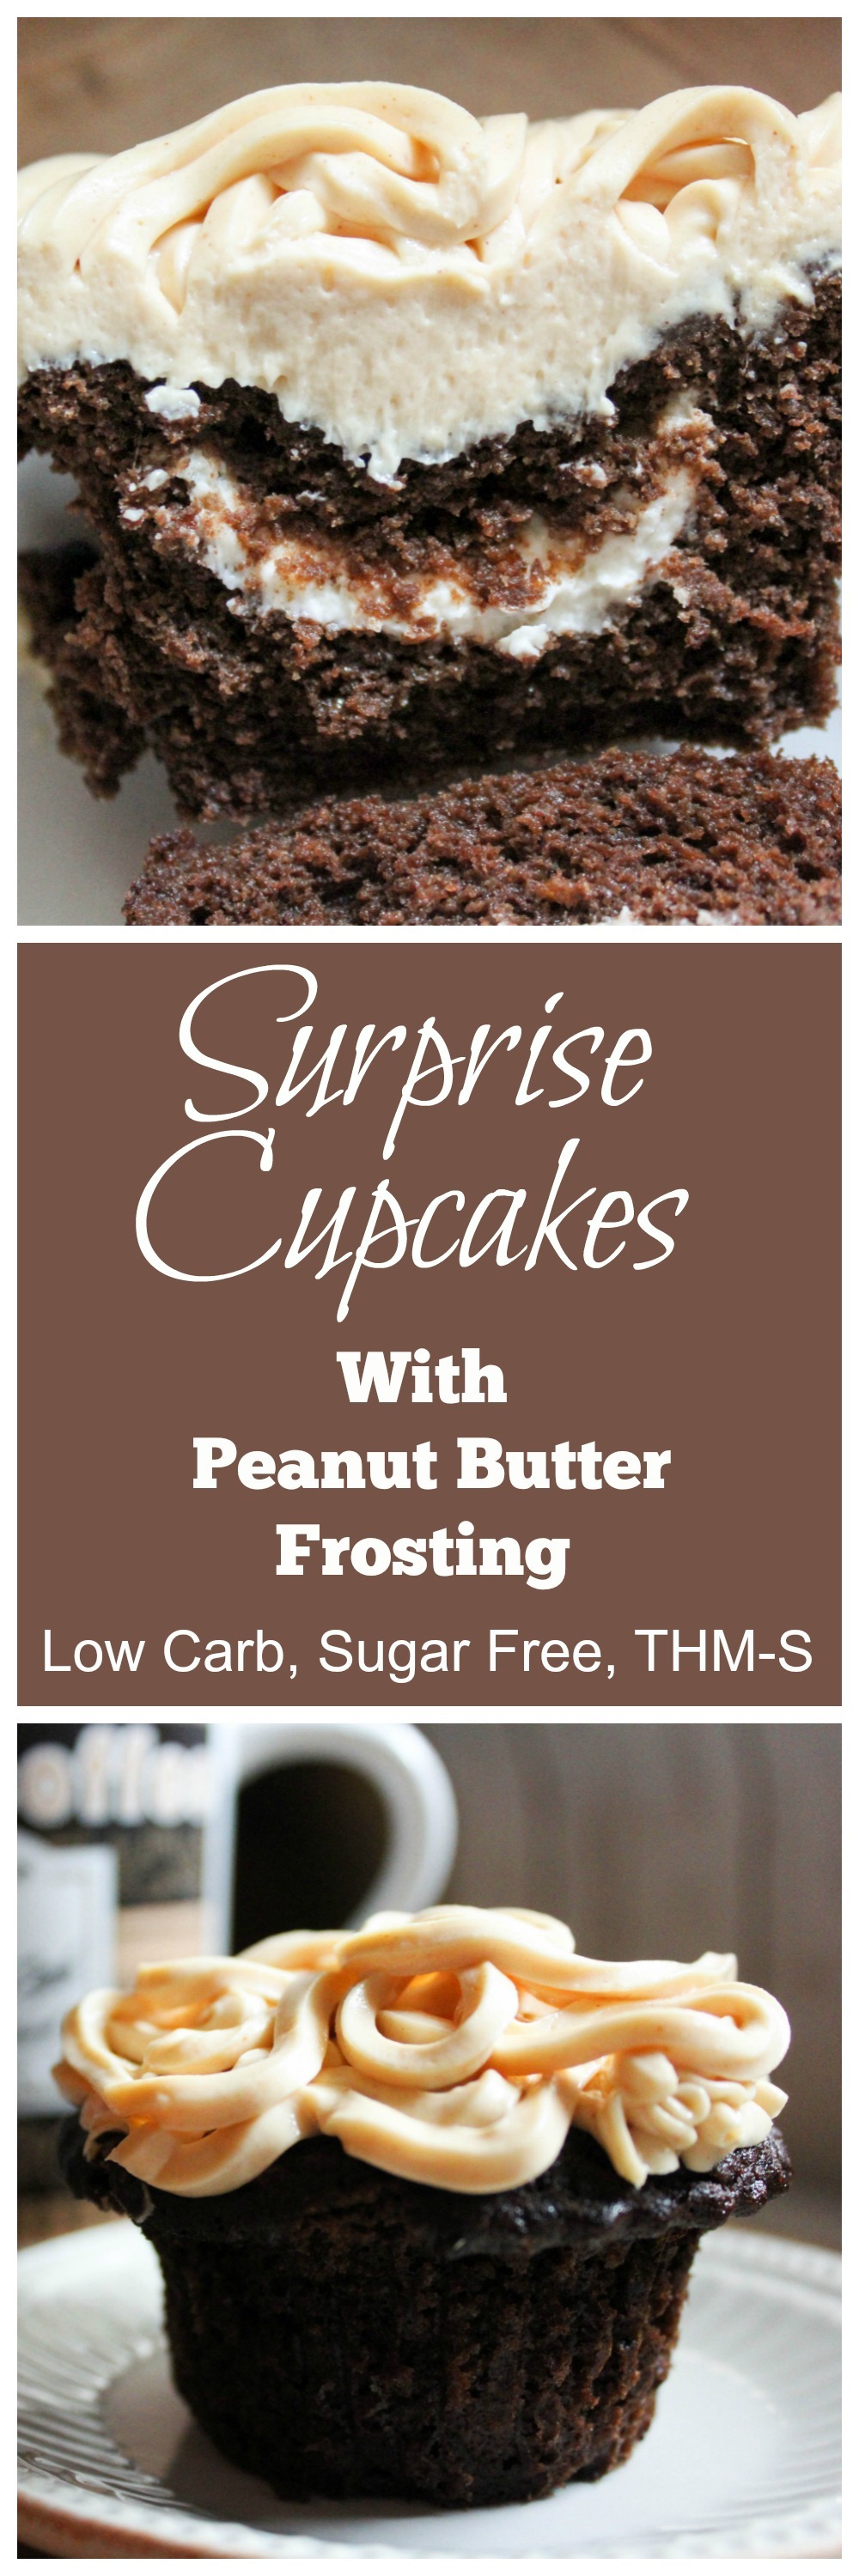 Surprise Cupcakes with Peanut Butter Frosting (THM-S, Low Carb, Sugar Free, Gluten Free)
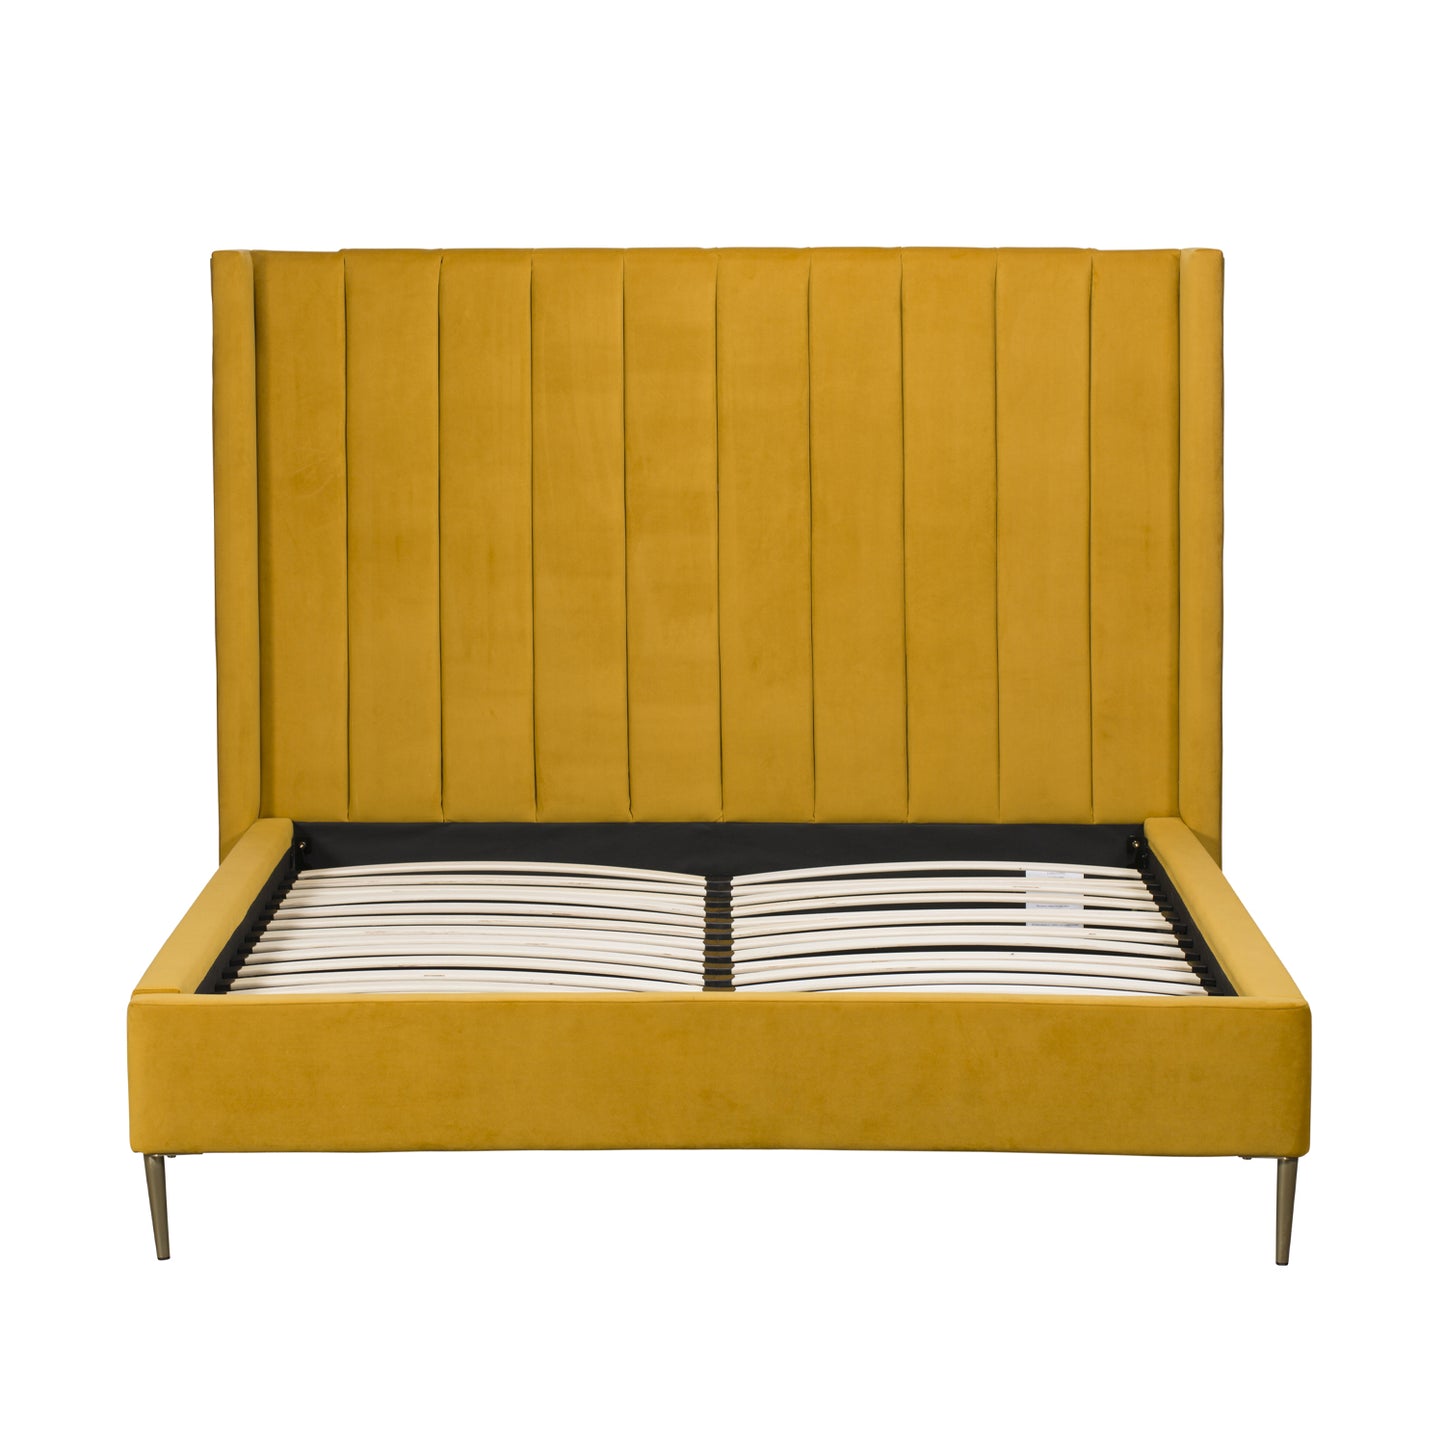 Maddox Highback Upholstered Bed - 5ft Turmeric
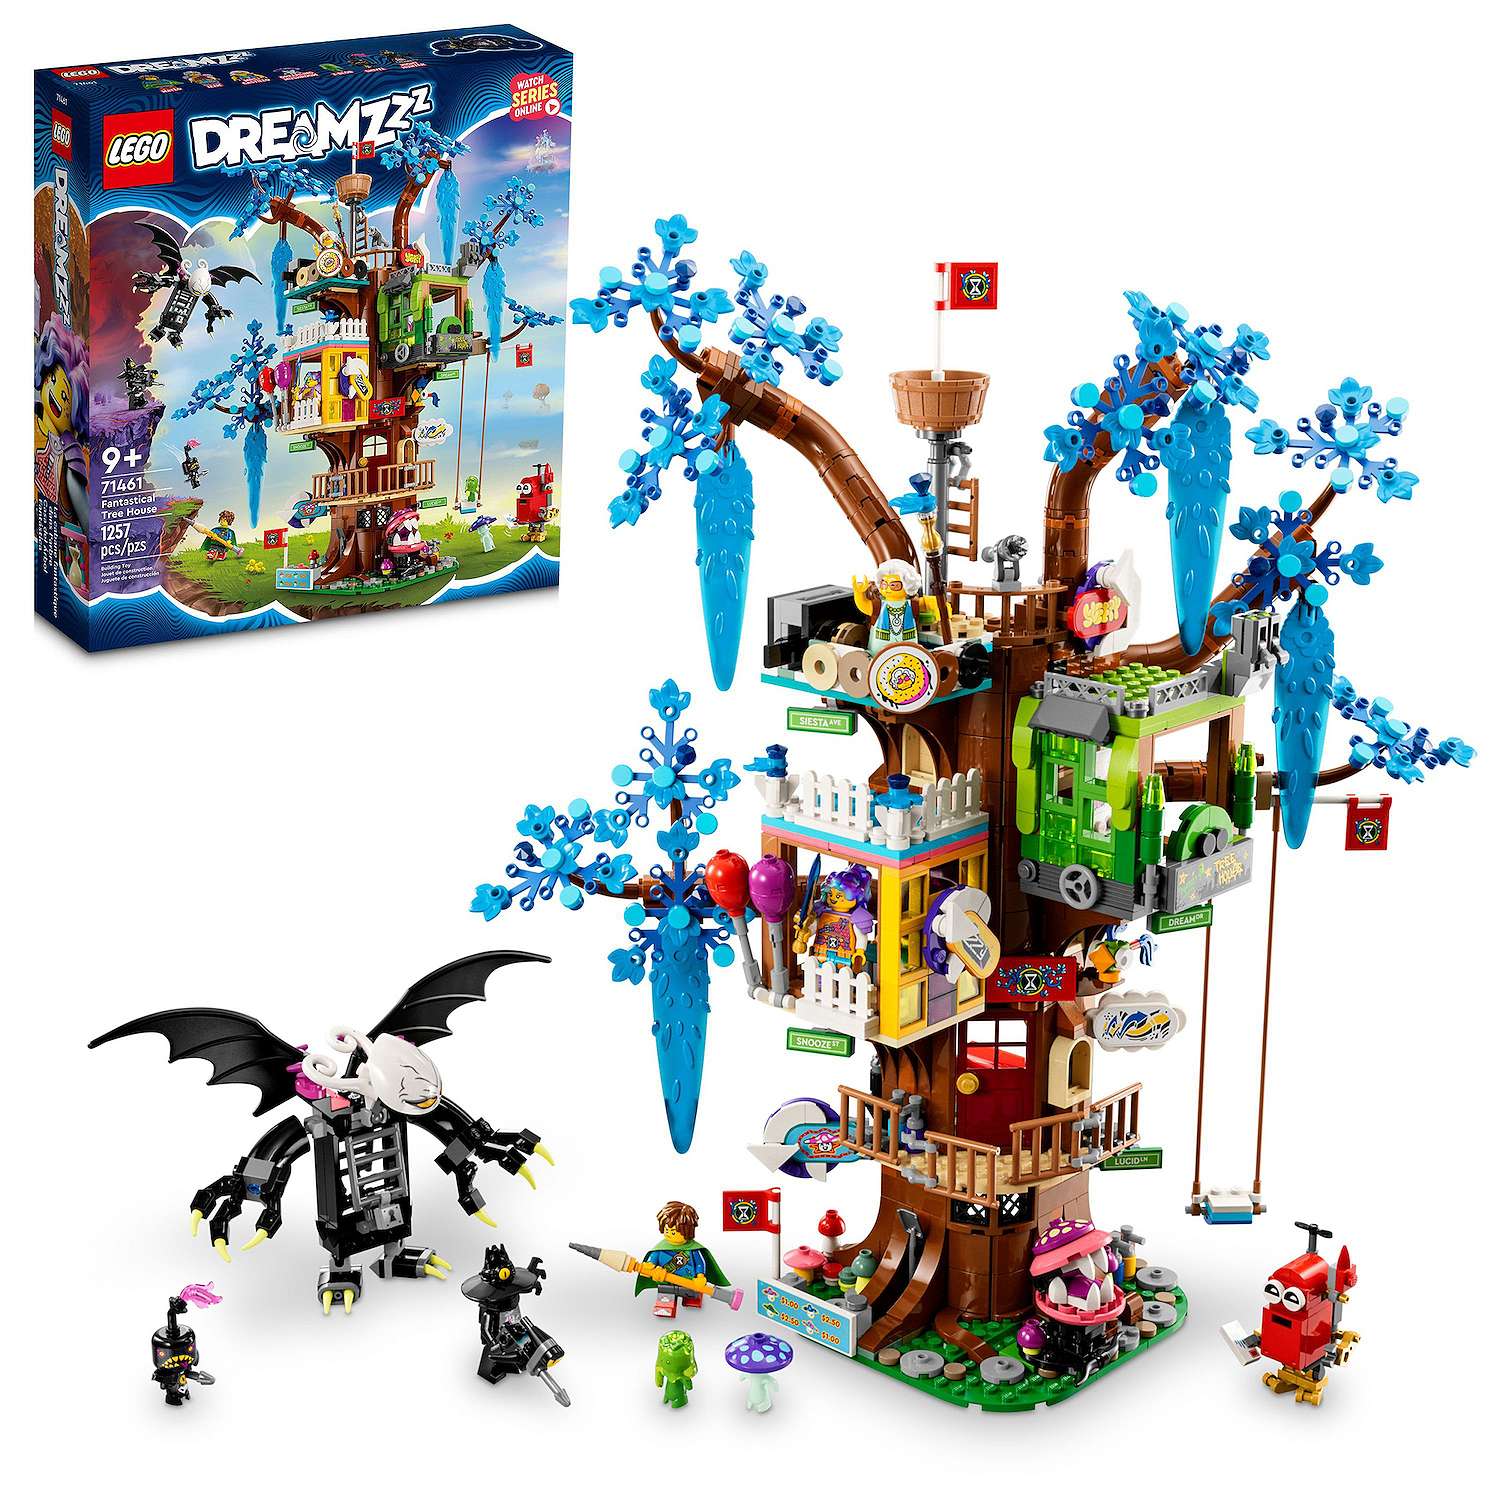 1257-Piece Lego Dreamzzz Fantastical Tree House Imaginative Play Building Toy (71461) $69.80 + Free Shipping
•••••
Work request
Output the data verbatim, images excluded.

Answer space
 Surprise Cupcakes with Peanut Butter Frosting (THM-S, Low Carb, Sugar Free, Gluten Free)
 Maddox Highback Upholstered Bed - 5ft Turmeric
 1257-Piece Lego Dreamzzz Fantastical Tree House Imaginative Play Building Toy (71461) $69.80 + Free Shipping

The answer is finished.